Data shown:

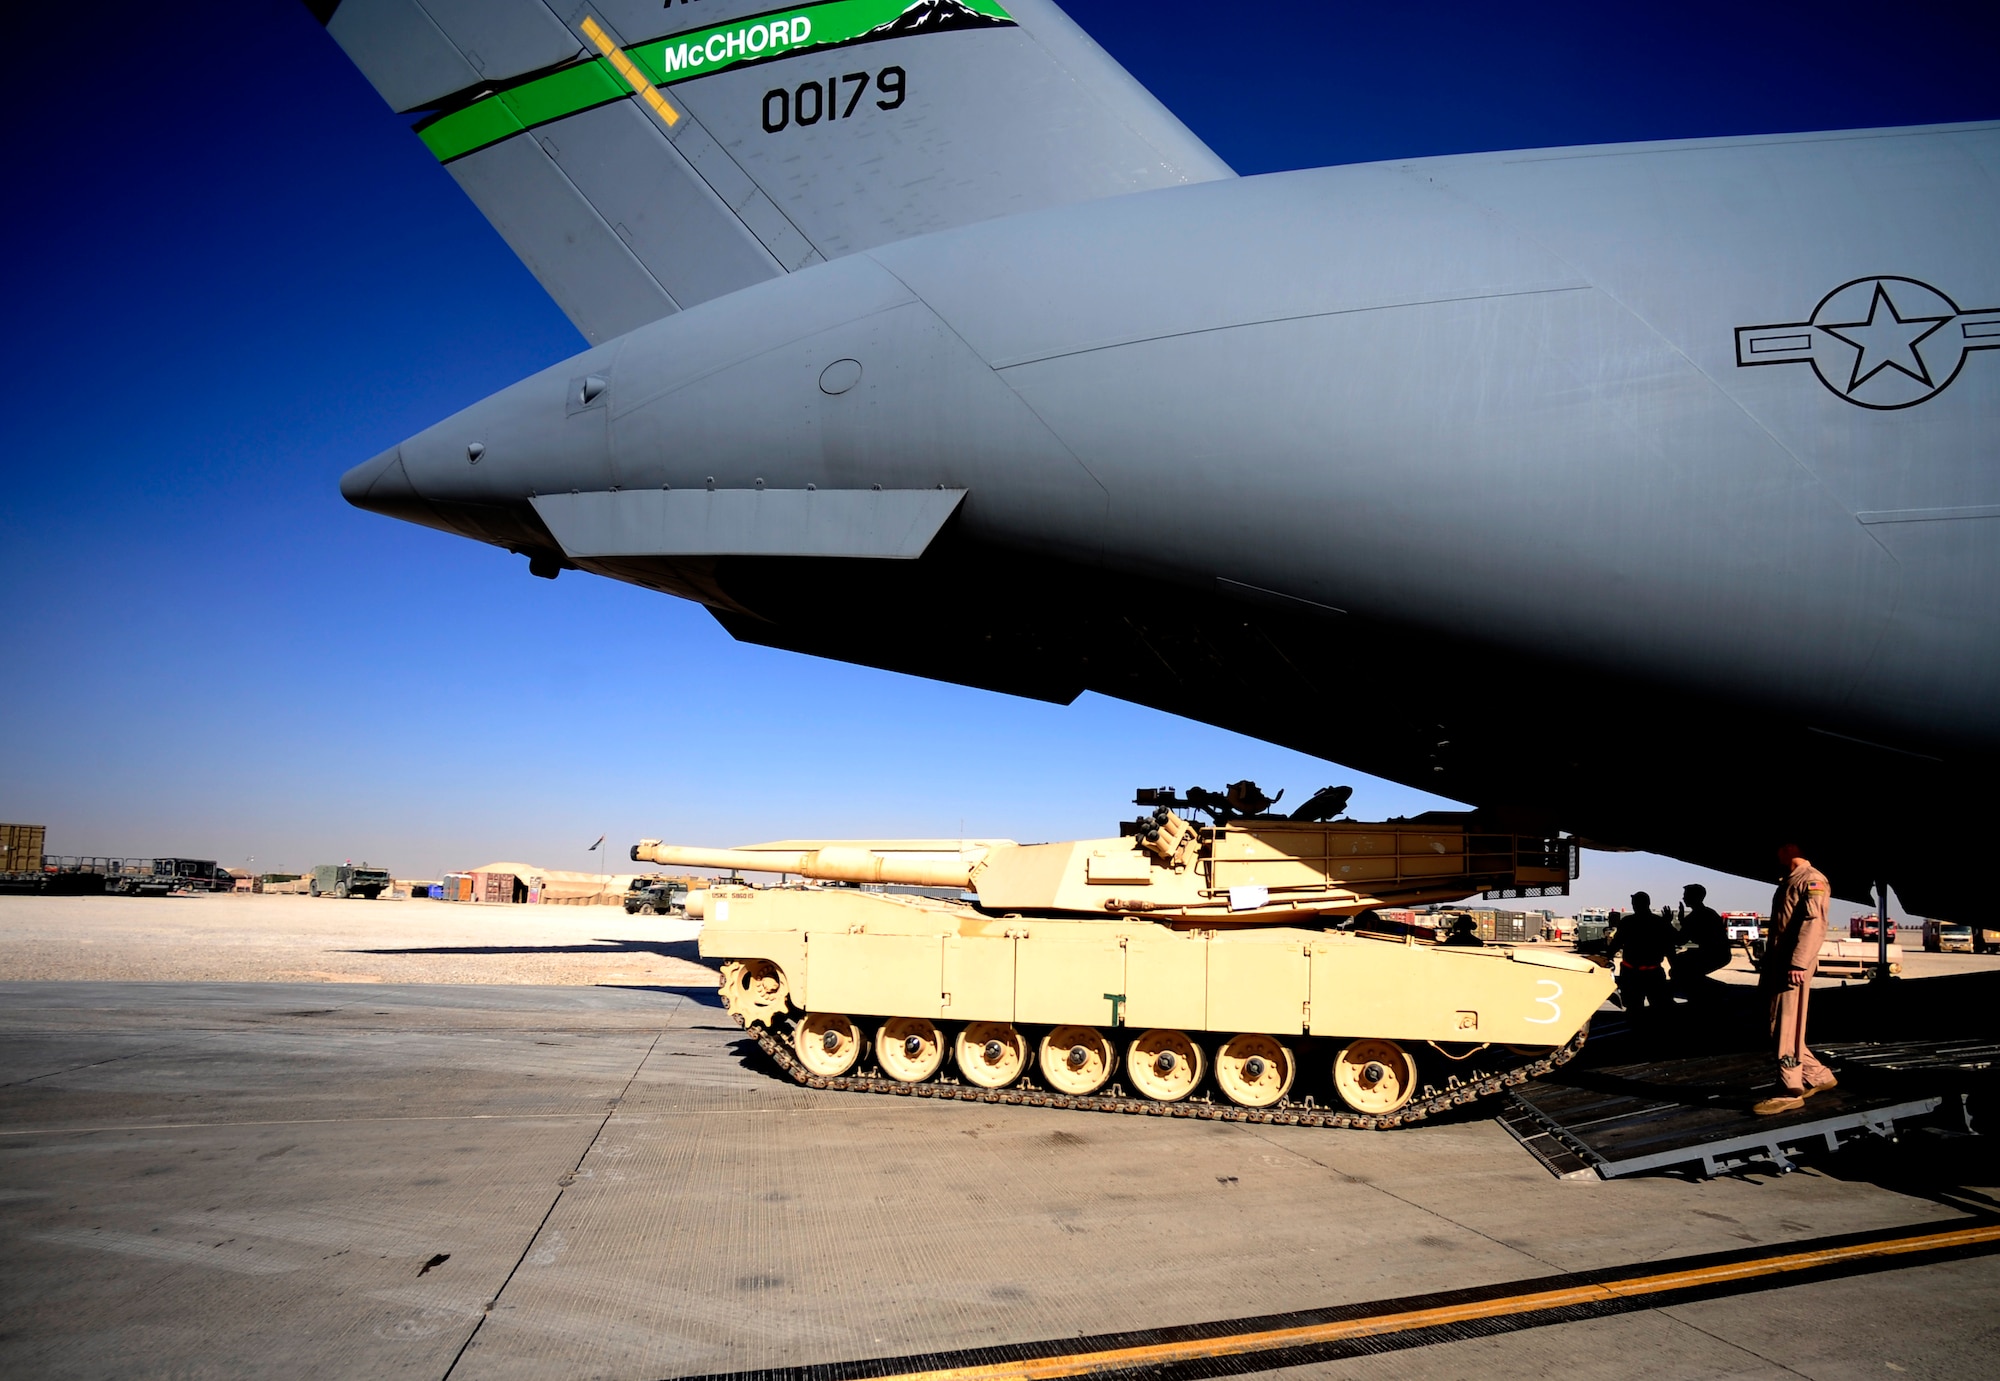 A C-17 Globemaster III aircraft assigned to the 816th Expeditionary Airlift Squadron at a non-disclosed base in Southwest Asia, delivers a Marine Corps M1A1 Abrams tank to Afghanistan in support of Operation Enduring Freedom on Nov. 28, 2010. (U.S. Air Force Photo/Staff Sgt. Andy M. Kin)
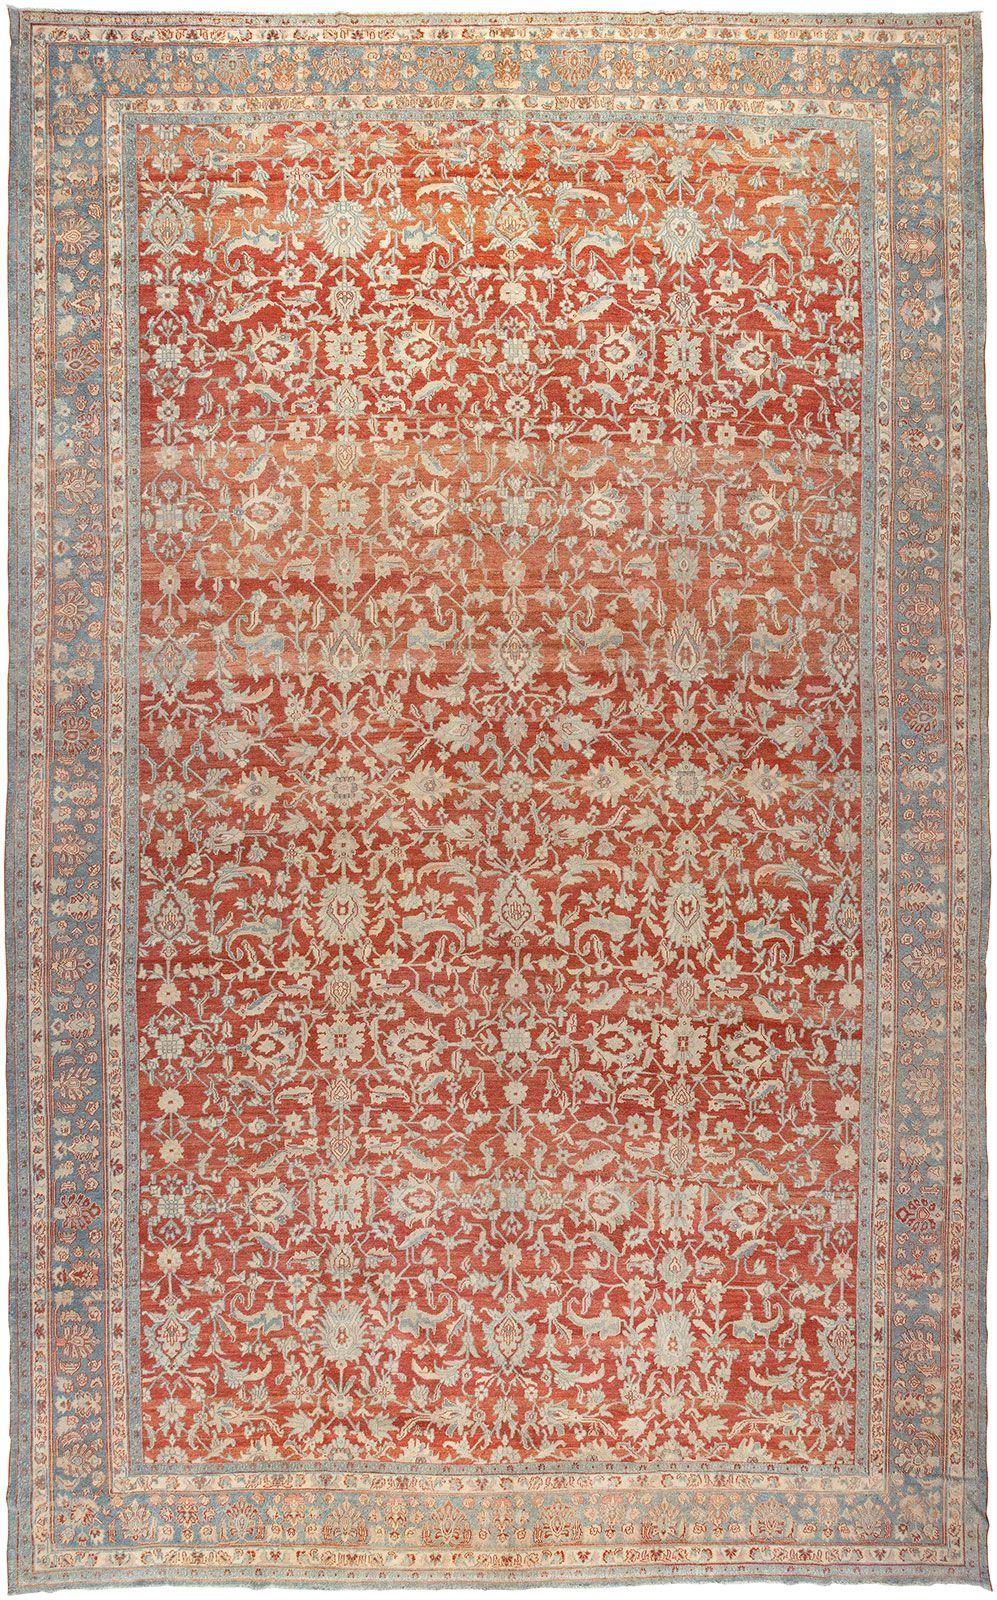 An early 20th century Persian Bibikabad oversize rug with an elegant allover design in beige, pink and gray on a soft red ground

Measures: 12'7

About this exercise: Give the listing again word for word, but drop every picture.

Task solution:
 A C-17 Globemaster III aircraft assigned to the 816th Expeditionary Airlift Squadron at a non-disclosed base in Southwest Asia, delivers a Marine Corps M1A1 Abrams tank to Afghanistan in support of Operation Enduring Freedom on Nov. 28, 2010. (U.S. Air Force Photo/Staff Sgt. Andy M. Kin)
 An early 20th century Persian Bibikabad oversize rug with an elegant allover design in beige, pink and gray on a soft red ground

Measures: 12'7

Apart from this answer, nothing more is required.